It's late Friday afteroon and I am heading to the beach after a long week of work and the hustle and bustle in Wilmington. Five more minutes and I will be sitting on my back deck with a glass of wine and watching the sunset over the small 23-acre but most beautiful, relaxing, quiet and peaceful mini golf course.
Growing up my family always went to the Jersey shore for the summer where there are big beaches, big boardwalks and plenty of parking. When deciding on a beach house, the Jersey shore was too commercial for us and we wanted the quaintness of Rehoboth Beach. My husband and I have been here together for over 20 years and have enjoyed the peacefulness of the town.
My husband and I have lived in Stable Court for over 10 years and all 10 years we have had a view of the Rehoboth Golf Park. We have enjoyed taking walks with our dog on the golf coursethrough the neighboring developments. We have enjoyed many years of watching families of deer coming up to our yards along with other of Mother Nature's beauty.
Our years of memories have all been demolished. Our view within 50 feet will be the back of 90 age-restricted community single-family homes. Mother Nature's families have all been evicted and the dump trucks, tractors, and construction vehicles have taken over. Even my dog is wondering where her beautiful golf course went.
Over the past several years, we have watched Rehoboth Beach grow. Land being bought, houses, townhouses and condos going up on any available inch of land. Just last year another piece of ground (that my dog ran on) 1,000 feet from us, Gateway shopping center, has been commercially devoloped into Bed Bath & Beyond, Fresh Market, Wawa, and shortly three restaurants. Currently, the road to get in and out of that center (that is the same road that I take to get to my house) is the same for the Rehoboth Beach Country Club, Ocean Outlets, Exxon, Community Bank, Holiday Inn Express and the buses for the Park and Ride. At times, it can take at least three turns of a light before I can get thru that intersection, that is, once I can get out of my developement.

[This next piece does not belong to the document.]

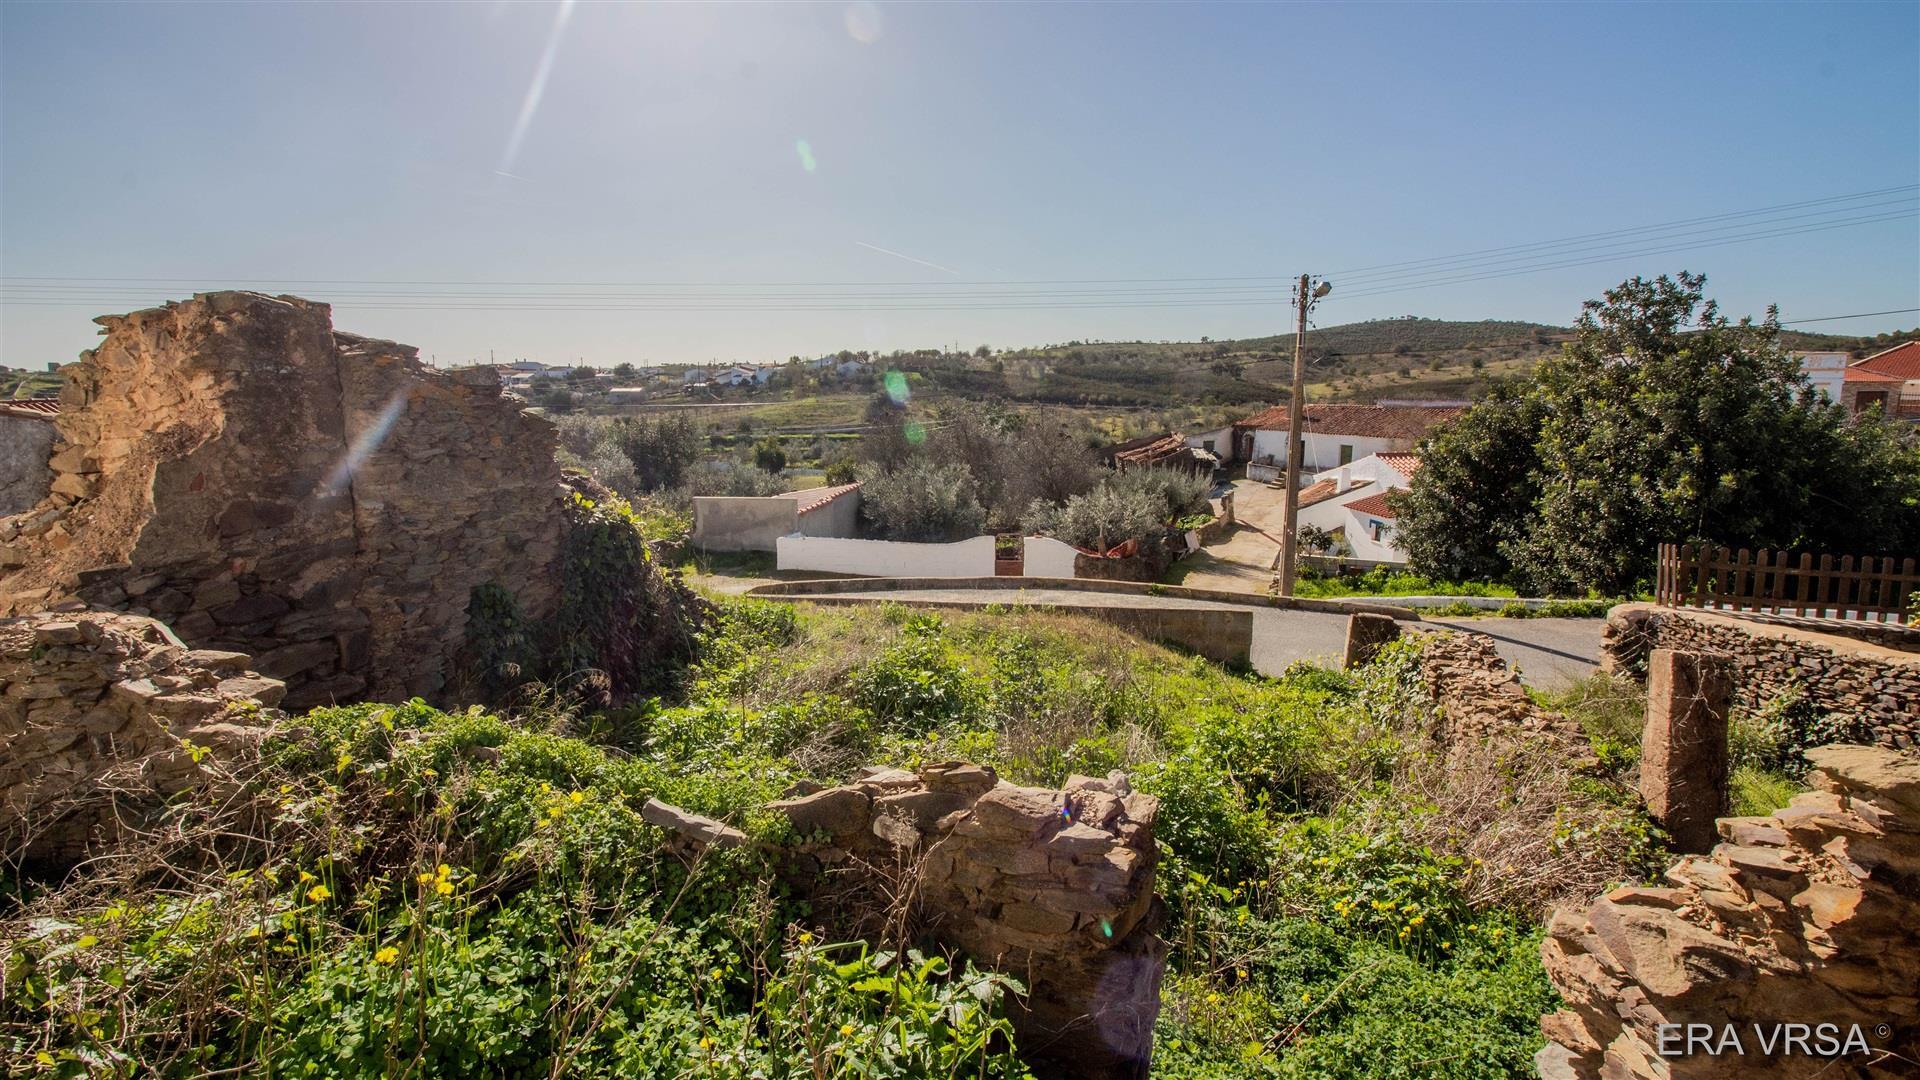 Terreno Urbano para comprar - Algarve, , Alcoutim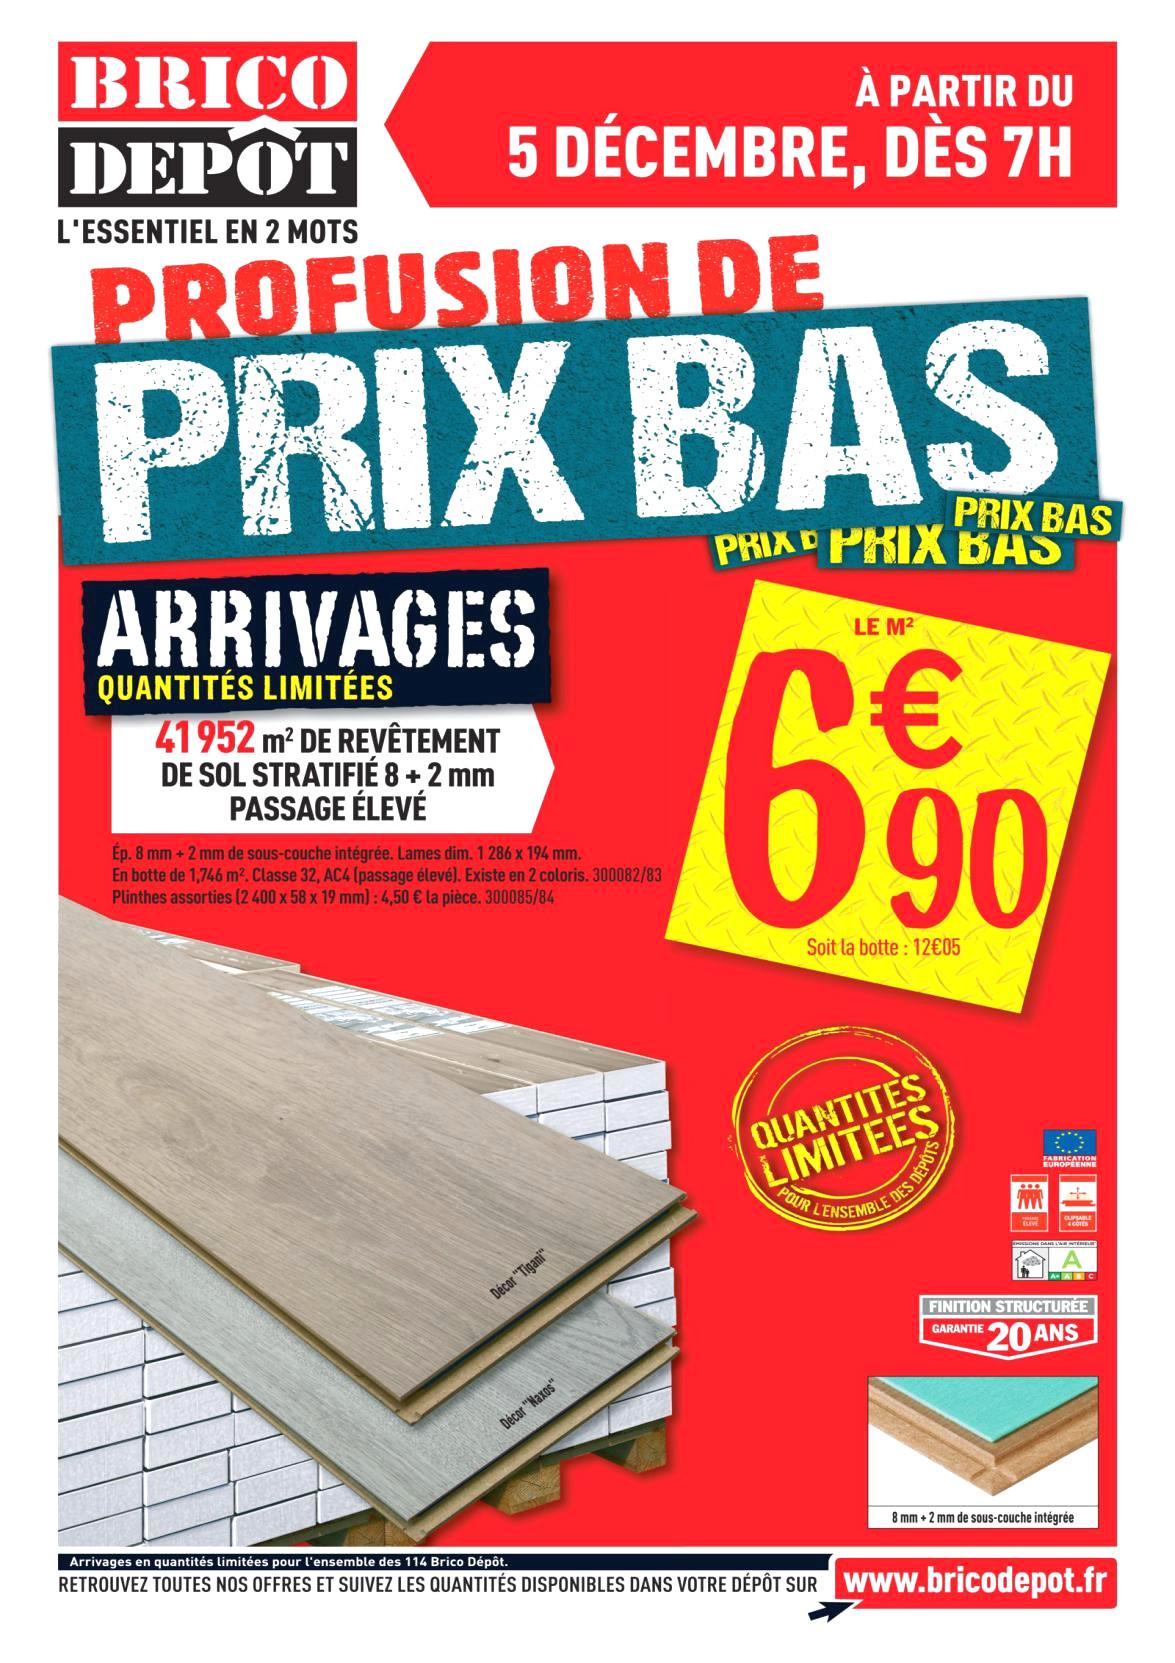 Meuble De Salle De Bain Bricomarché Frais Photos Panneau Liege Brico Depot Avec Catalogue Brico D P T Du 23 02 2018

Now, when I go to walk my dog, the decision is, a muddy construction area or a paved parking lot. The nearest dog park is 15 miles away in Lewes. With the current construction and traffic from the shopping center I guess the decision is to walk her on the parking lot. That is after we play frogger just trying to cross Shuttle Road to get there.
Now on Friday afternoon I am no longer excited about driving to the beach to relax to see the sunset, but anxious of what am I in store for now. I used to be excited about getting down there and going into town to shop, go to the beach, go out for dinner and walking my dog. Now I think to myself, is it worth the drive to sit in traffic trying to get out of my house? What is it going to be like once the 90 homes are up. That's 90 more cars! Now they are talking adding a three-story nursing home. Now we are adding employees, doctors, nurses, visitors and delivery trucks, the list could go on. All on a mere 23 acres of the once beautiful property Mother Nature gave to us. My "quaint" Rehoboth Beach isn't "quaint" any longer. How much is enough to the business people that own the land.
Mr. Truitt's grandfather wanted the land to stay in the family, which I totally appreciate. I wish he was alive to see what his beautiful land had looked like and what it will look like in the future. Not the beauty it once was. I think Grandfather Truitt would have been more proud of a restored golf course in memory of him and knowing that he still had a piece of land people of Rehoboth enjoyed seeing.
But now when we hear the name, instead of what they did to keep the community their grandfather worked so hard for beautiful, but what they did to destroy it. Do you care about the residents you are affecting? How much do you need before it's enough? Will the additional nursing home be enough investment that you need? Or do you keep going? When do you stop?